Rachel stopped outside the door, her fingers gripping the edge of the frame, and looked in. The bathroom was comfortably spacious, but she still didn’t intend to find herself in such close quarters with him.
“You look for yourself,” she challenged, since he intended to do just that anyway. “You’ll see it’s not here.”
He cast her a smiling look, then reached down and pulled open a drawer by the sink. It was a drawer she hadn’t opened because she hadn’t needed the space. When she looked inside, there was a man’s brown shaving kit.
“Here it is—just where I left it,” he announced, dark brows arching over his amused glance.
“So it is.” Rachel was forced to admit it, a resentful gray look in her eyes. “I guess I never looked in that drawer.”
“I guess you didn’t,” Gard agreed smoothly—so smoothly it was almost mocking.
He half turned and leaned a hip against the sink, shifting his weight to one foot. A quiver of vague alarm went through Rachel as she realized that he showed no signs of leaving either her cabin or her bathroom. There was a slow, assessing travel of his gaze over her.
“How long will it take you to dress and fix your hair?” he asked.
“Why?”
“So I’ll know what time to meet you topside for some morning coffee.”
“It won’t make any difference how long it takes for me to get dressed, since I won’t be meeting you for coffee,” Rachel replied, stung that he was so positive she would agree.
“Why?” he asked in a reasonable tone.
“It hardly matters.” She swung impatiently away from the bathroom door, the silken material of her long robe swishing faintly as she moved to the center of the sitting room. When she heard him following her, Rachel whirled around, the robe swinging to hug her long legs. “Hasn’t anyone ever turned down an invitation from you?”

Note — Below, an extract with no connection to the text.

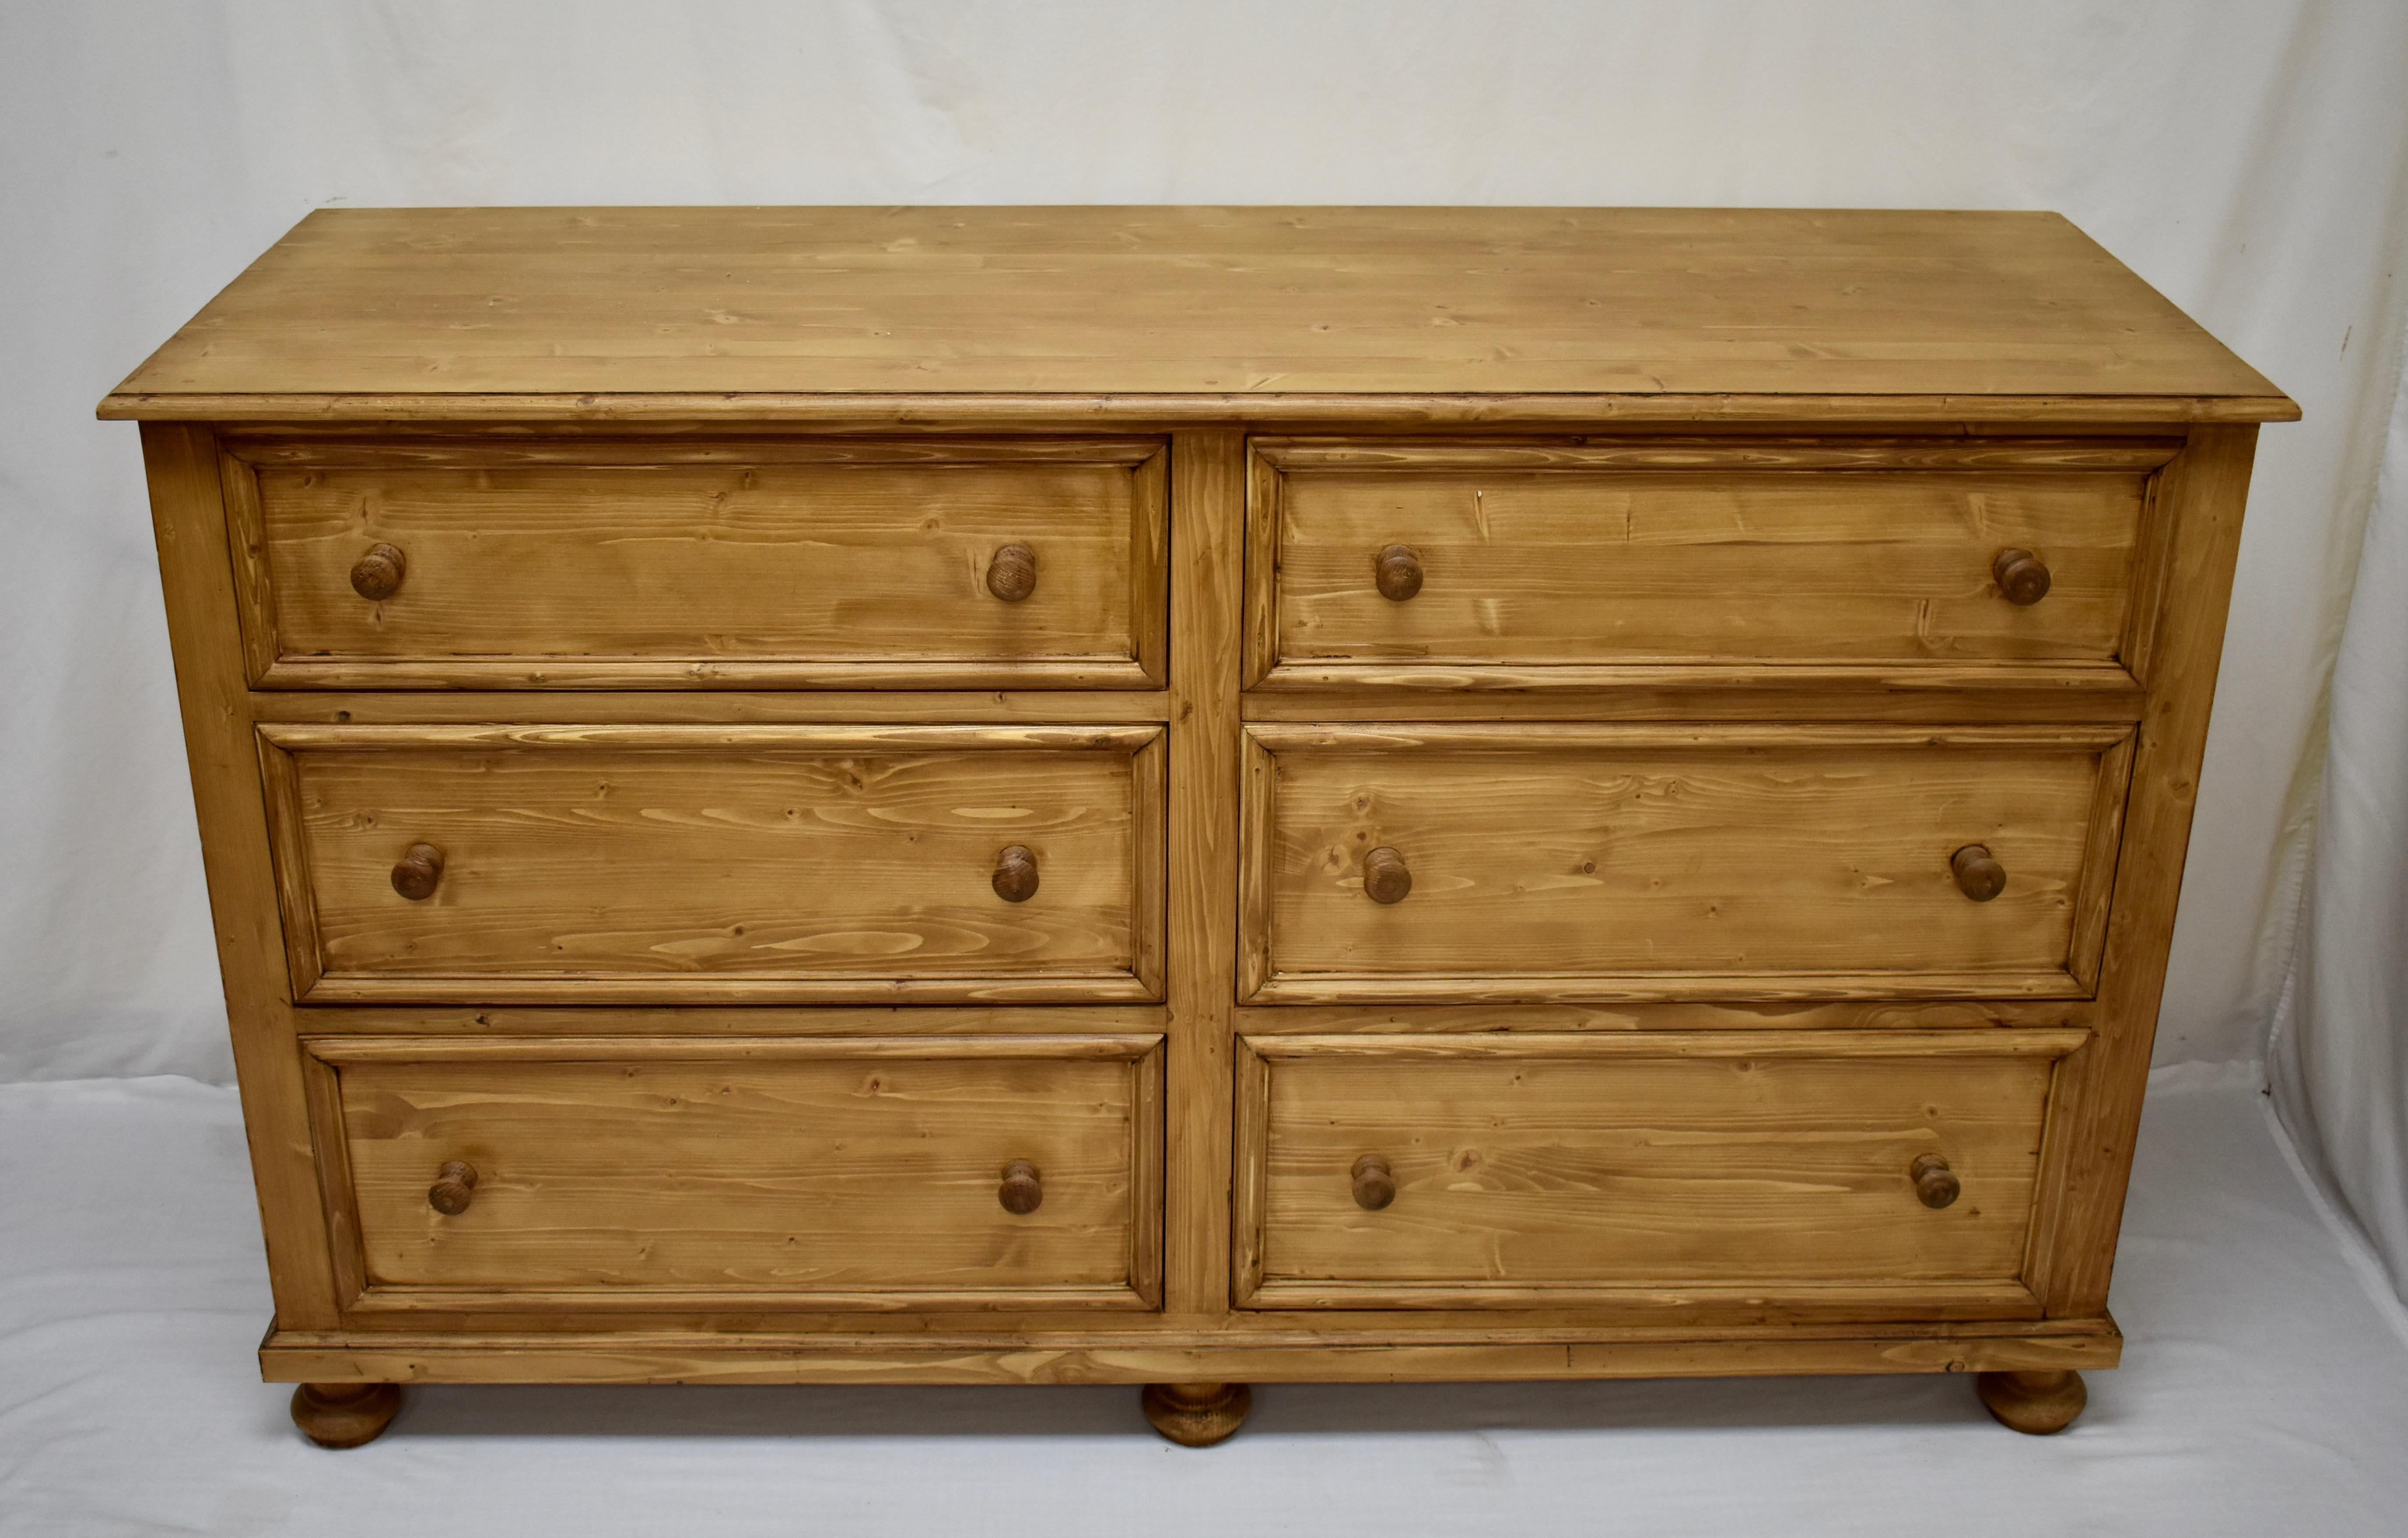 Long chests of drawers can be hard to find in antique pine so our workshop in Europe takes lightly-used reclaimed pine to build this piece using design features and methods of construction seen on our antique pieces. This long chest of six slightly

“It’s happened,” Gard conceded. “But usually they gave a reason if only to be polite. And I just wondered what yours is?
”
Her features hardened with iron control. Only her eyes blazed to show the anger within. “Perhaps I’m tired of men assuming that I’m so lonely I’ll accept the most casual invitation. Every man I meet immediately assumes that because I’m a widow I’m desperate for male companionship.” Her scathing glance raked him, putting him in the same category. “They’re positive I’ll jump at the chance to share a bed with them—or a cabin—just because they can fill out a pair of pants. According to them, I’m supposed to be frustrated sexually.”

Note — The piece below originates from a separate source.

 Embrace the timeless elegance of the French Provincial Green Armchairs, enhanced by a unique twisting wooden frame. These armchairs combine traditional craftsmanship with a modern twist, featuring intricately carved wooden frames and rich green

It didn’t soothe her temper to have him stand there and listen to her tirade so calmly. “Are you?” Gard inquired blandly.
For an instant Rachel was too incensed to speak. The question wasn’t worthy of an answer, so she hurled an accusation at him instead. “You’re no better than the others! It may come as a shock to you, but I’d like to know something about a man besides the size of his shorts before I’m invited into his bed!”
She was trembling from the force of her anger and the sudden release of so much bitterness that had been bottled up inside. She turned away from him to hide her shaking, not wanting him to mistake it as a sign of weakness.
“What does meeting for coffee have to do with going to bed together?” he wondered. “Or has your experience with men since your husband died been such that you don’t accept any invitations?” There was a slight pause before he asked, “Do you want to be alone for the rest of your life?”